How to complete this task: Without the pictures, write the listing out again exactly as it appears.

Data segment:
============================================================

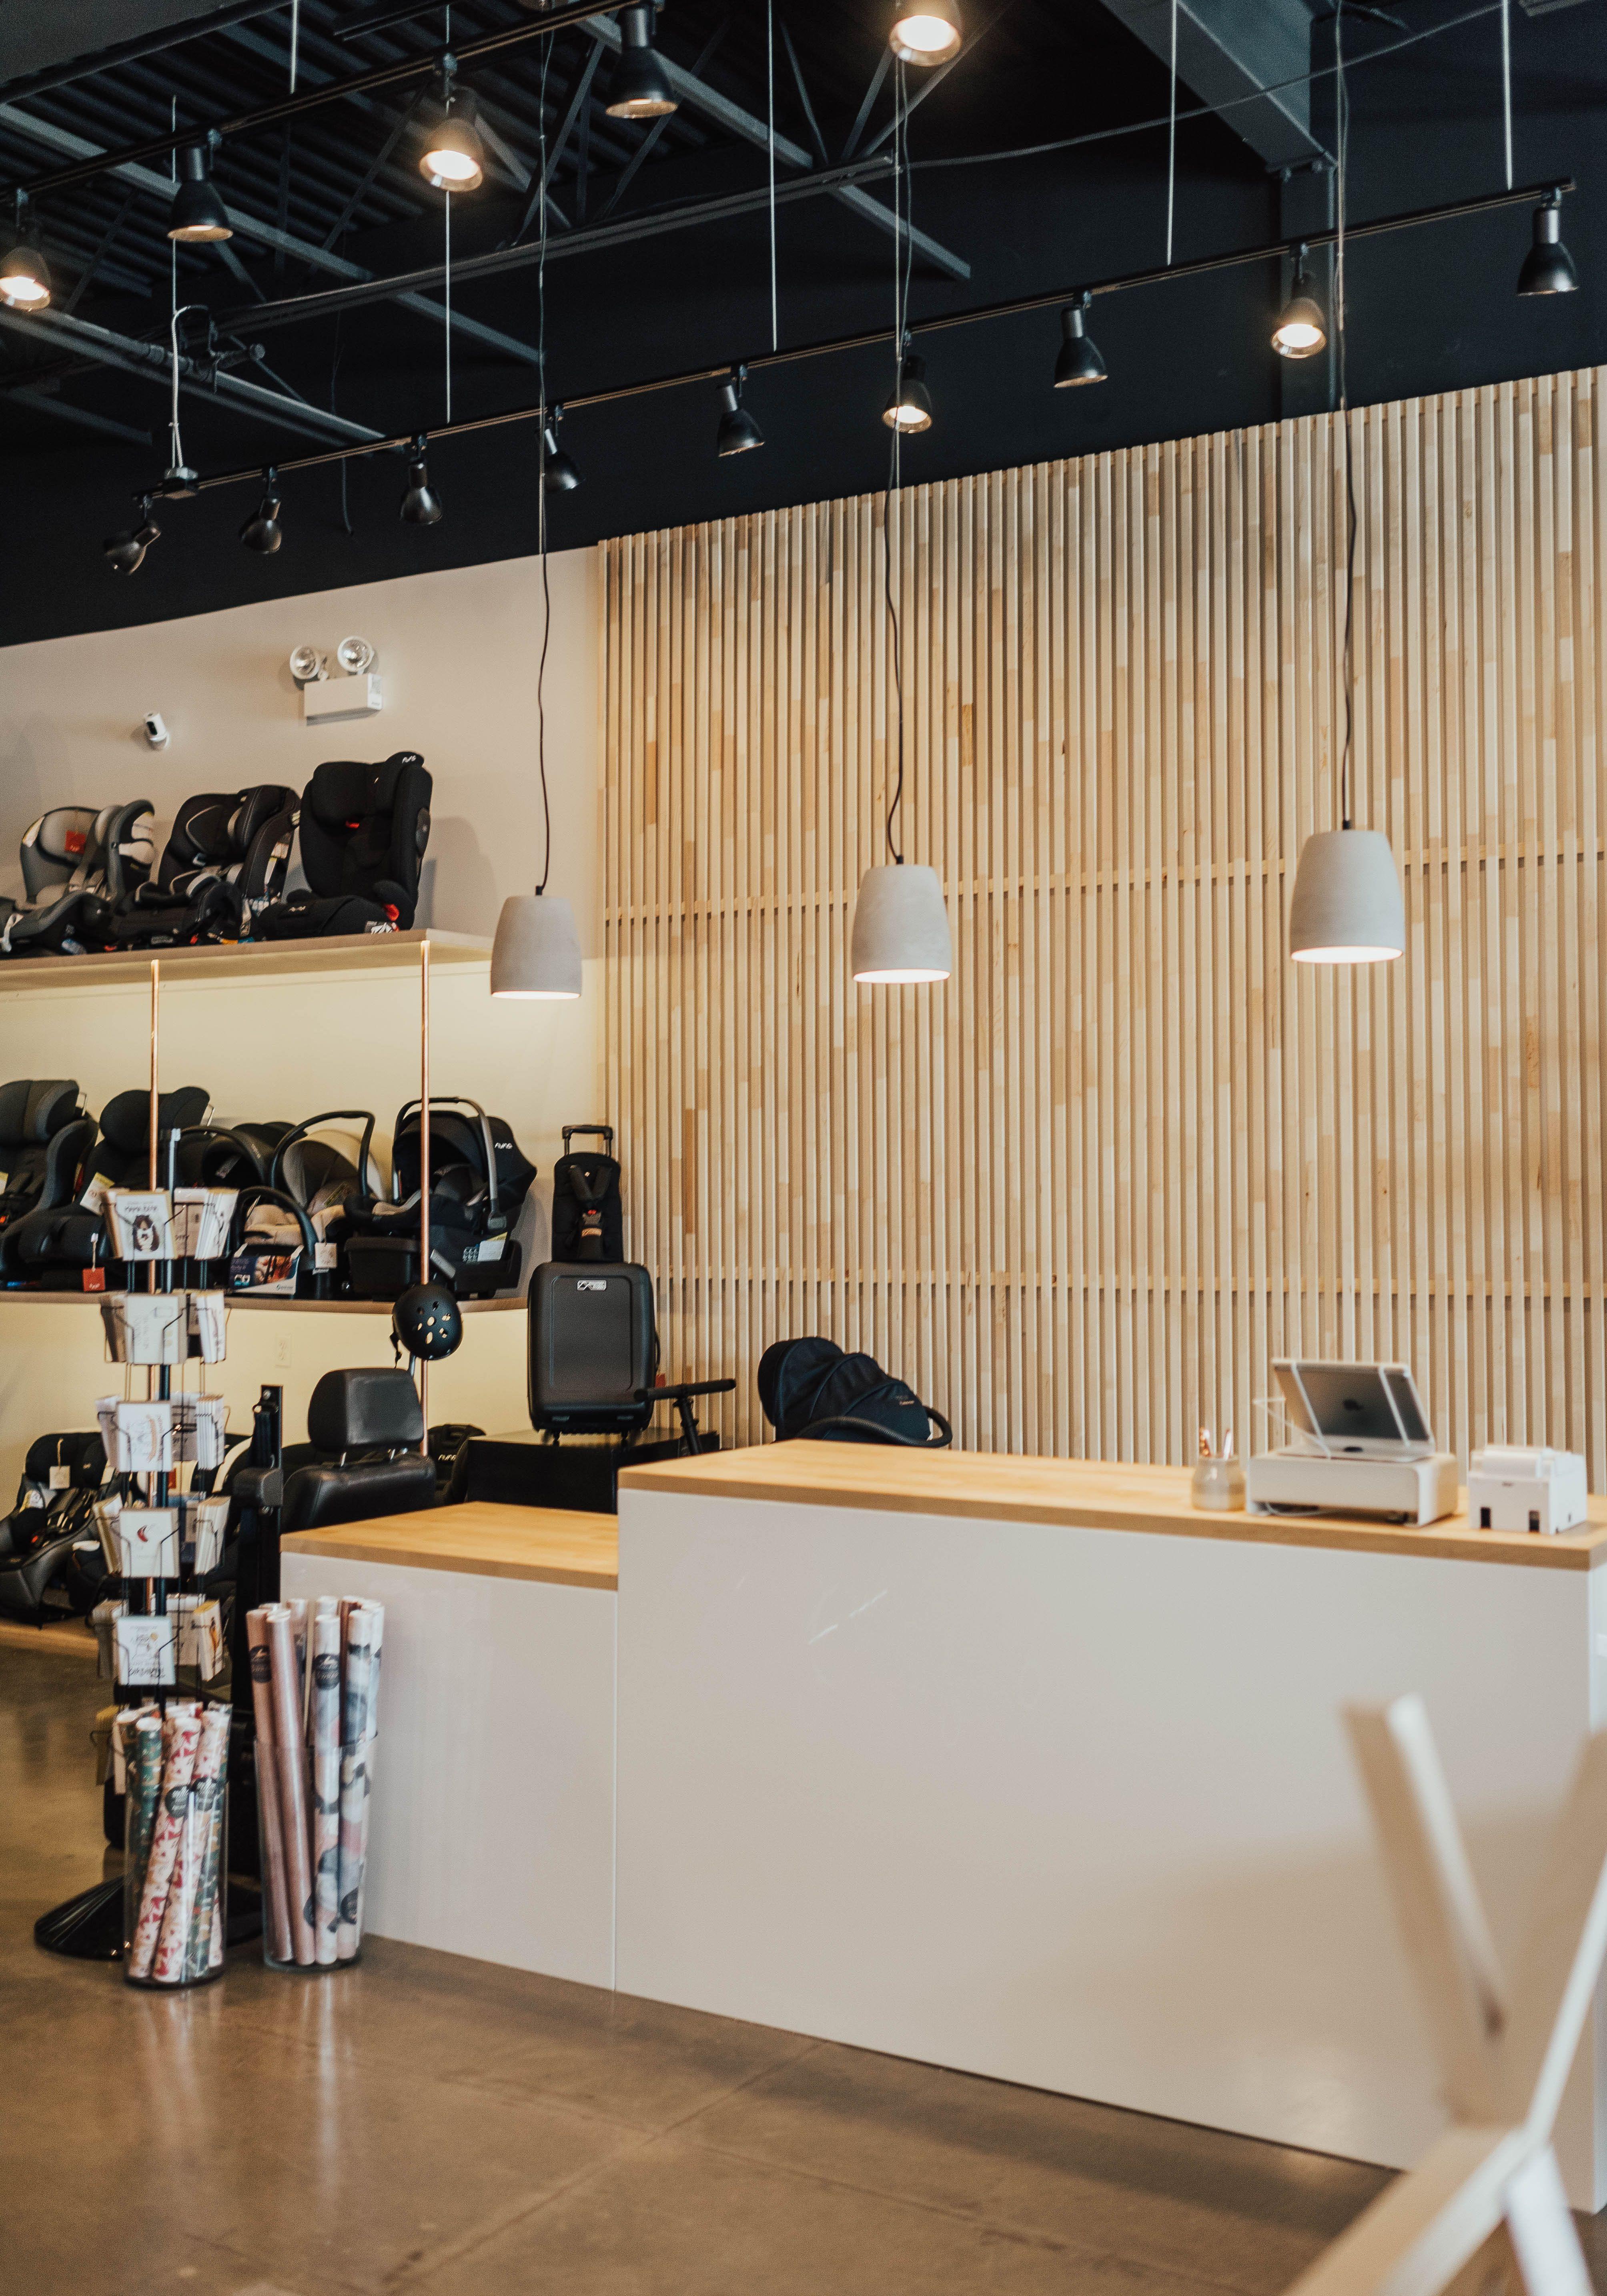 Stroller Haus Retail Store Design | Retail store design ...
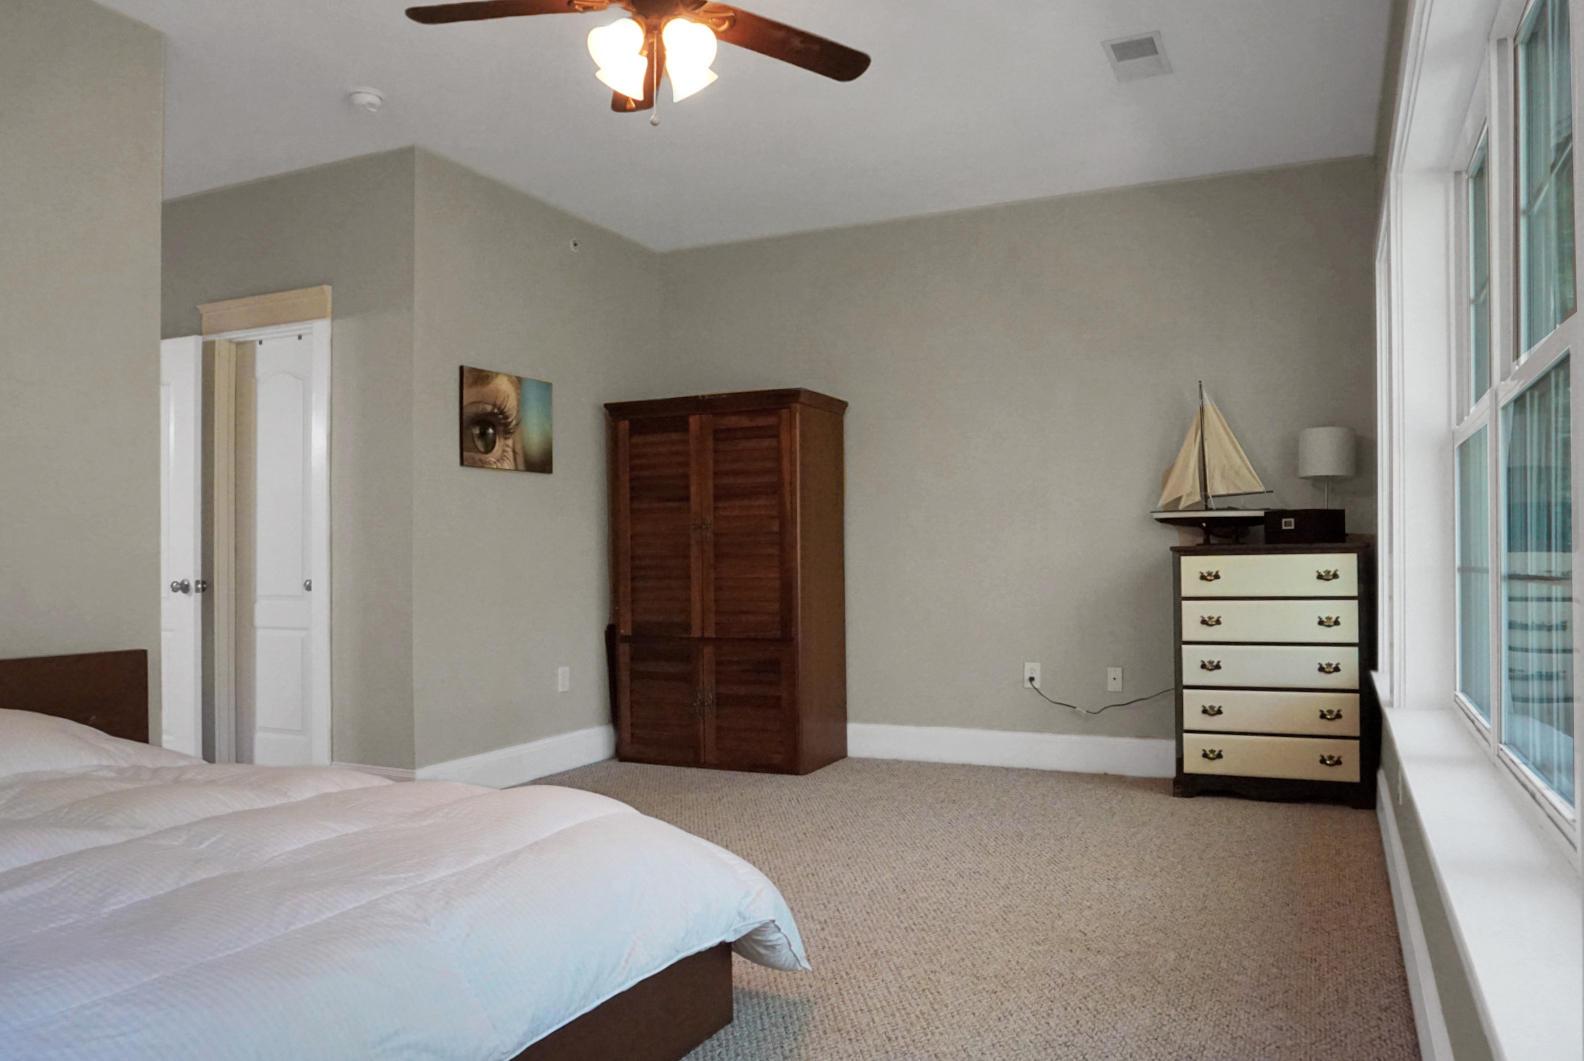 Etiwan Pointe Homes For Sale - 269 Etiwan Pointe, Mount Pleasant, SC - 26
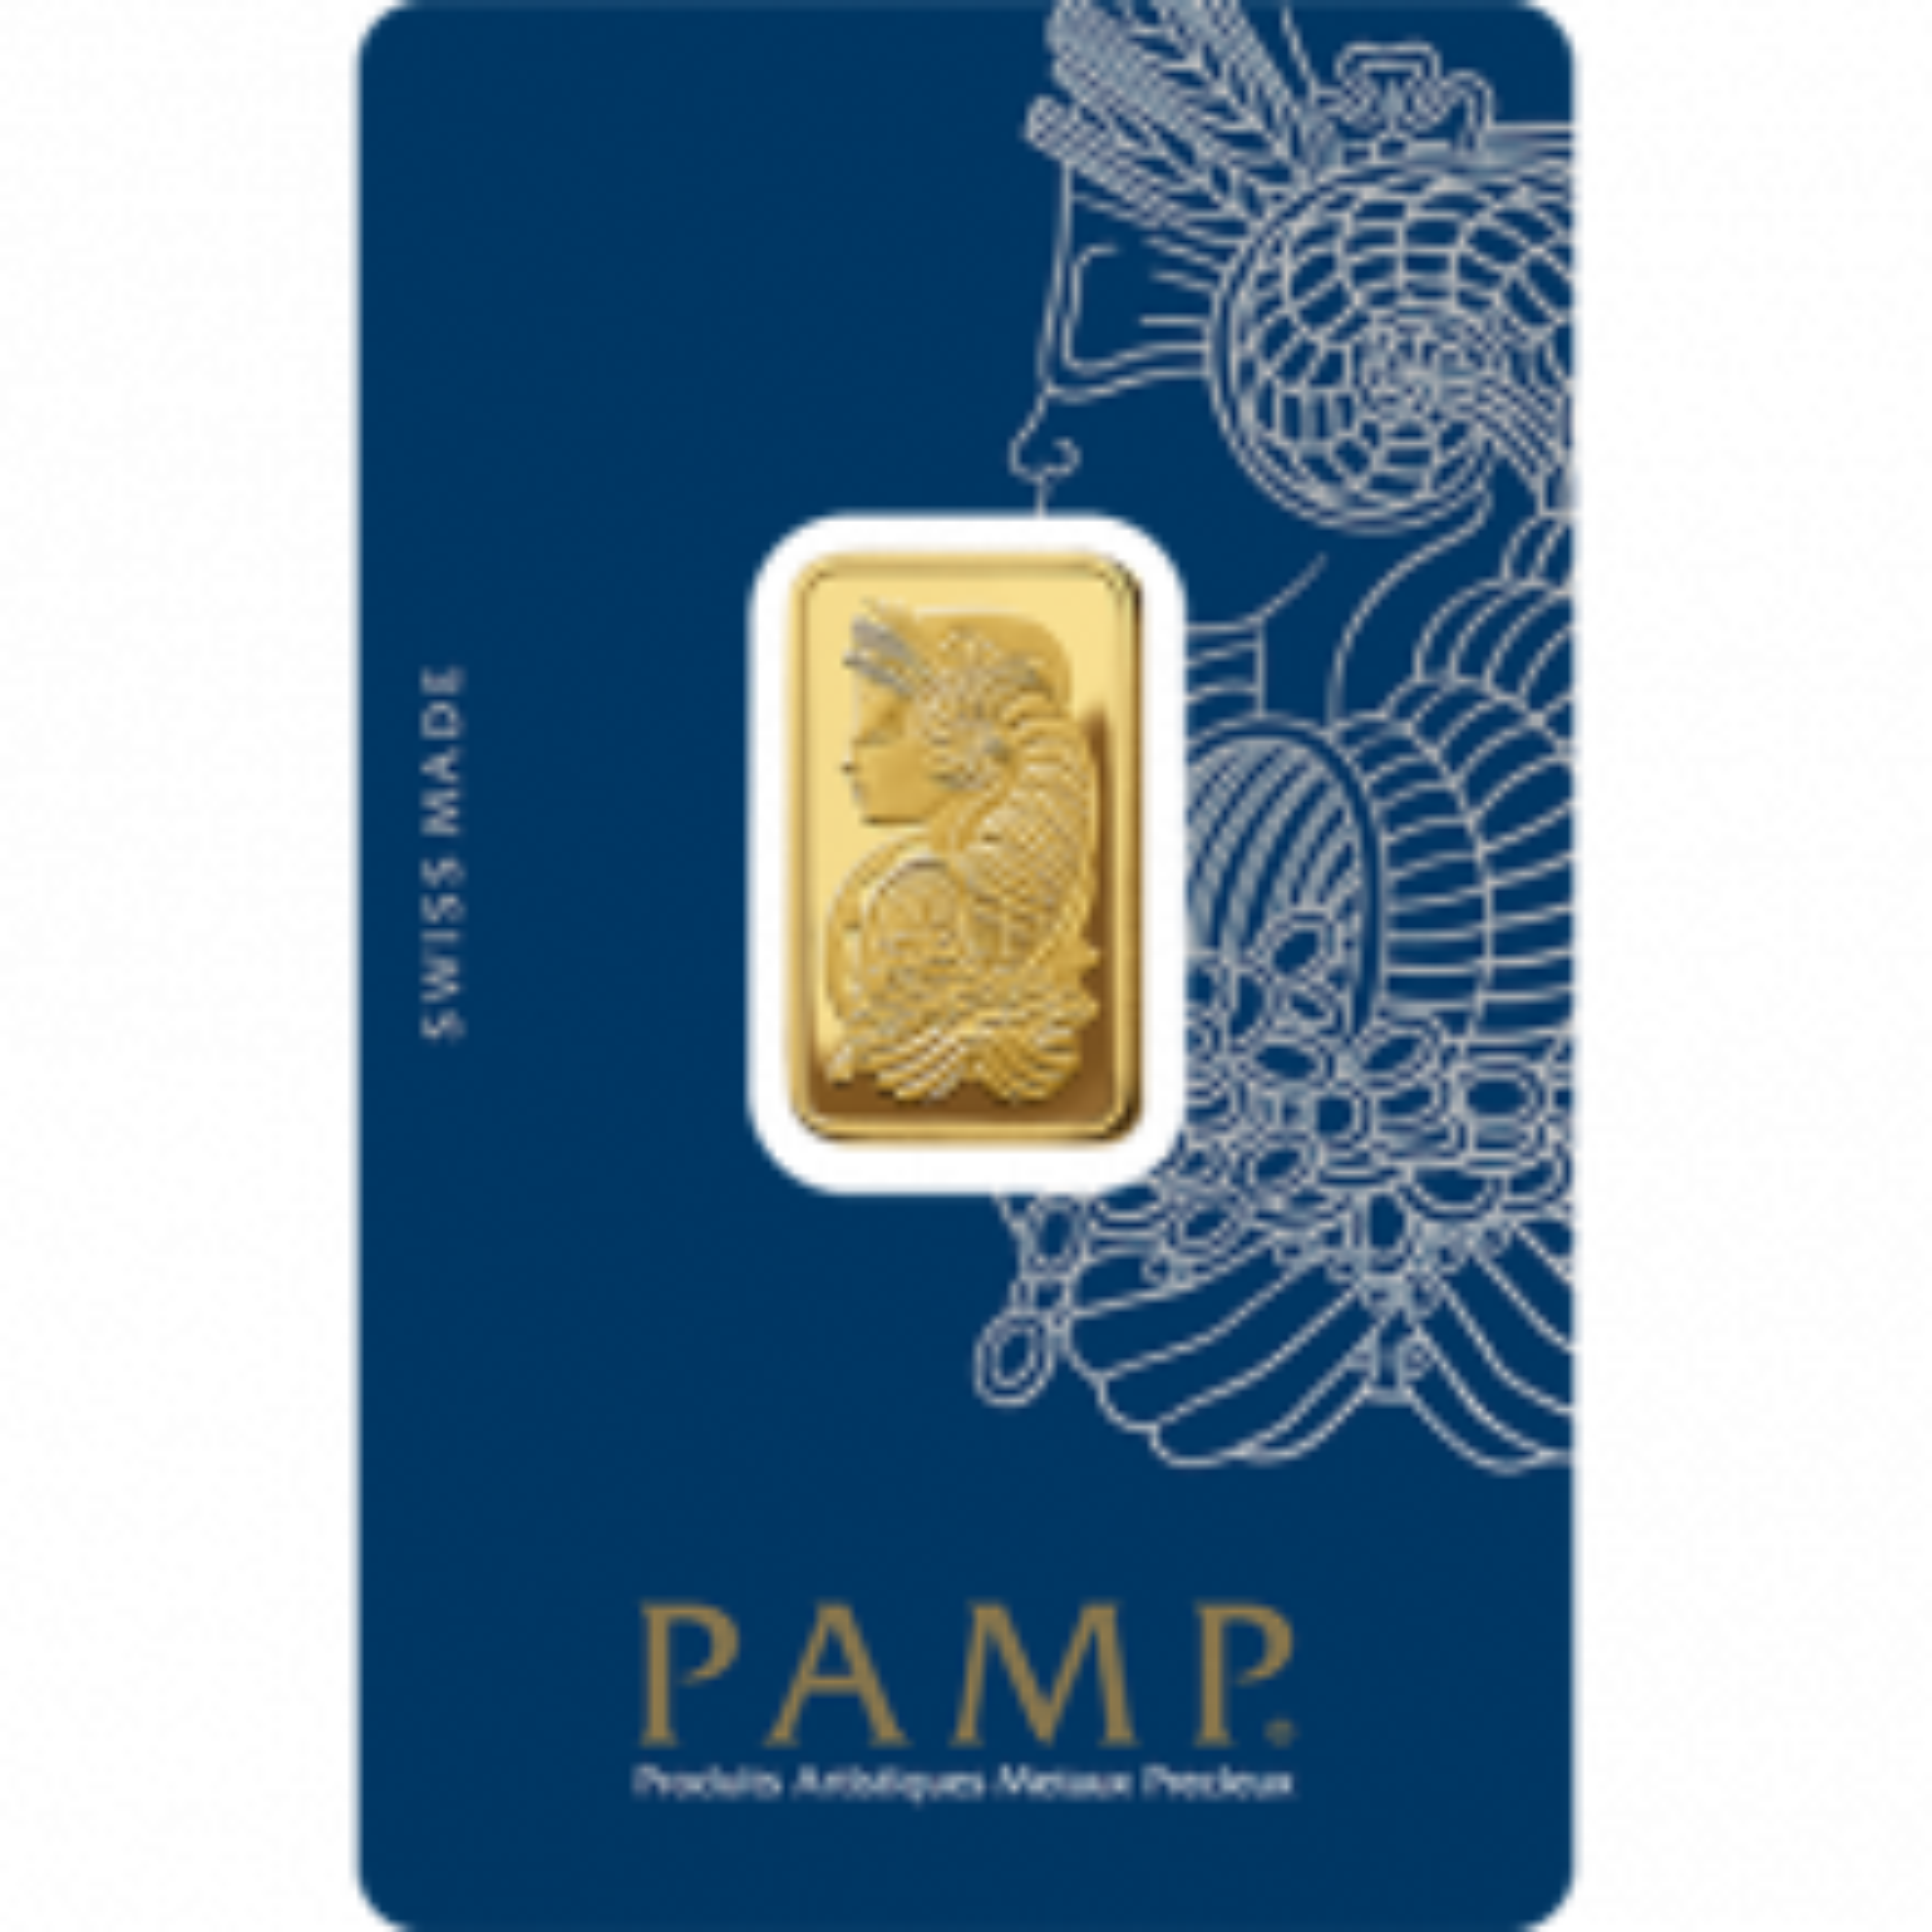 10 grams gold bar Pamp Suisse Fortuna

============================================================

Written response:
 Stroller Haus Retail Store Design | Retail store design ...
 Etiwan Pointe Homes For Sale - 269 Etiwan Pointe, Mount Pleasant, SC - 26
 10 grams gold bar Pamp Suisse Fortuna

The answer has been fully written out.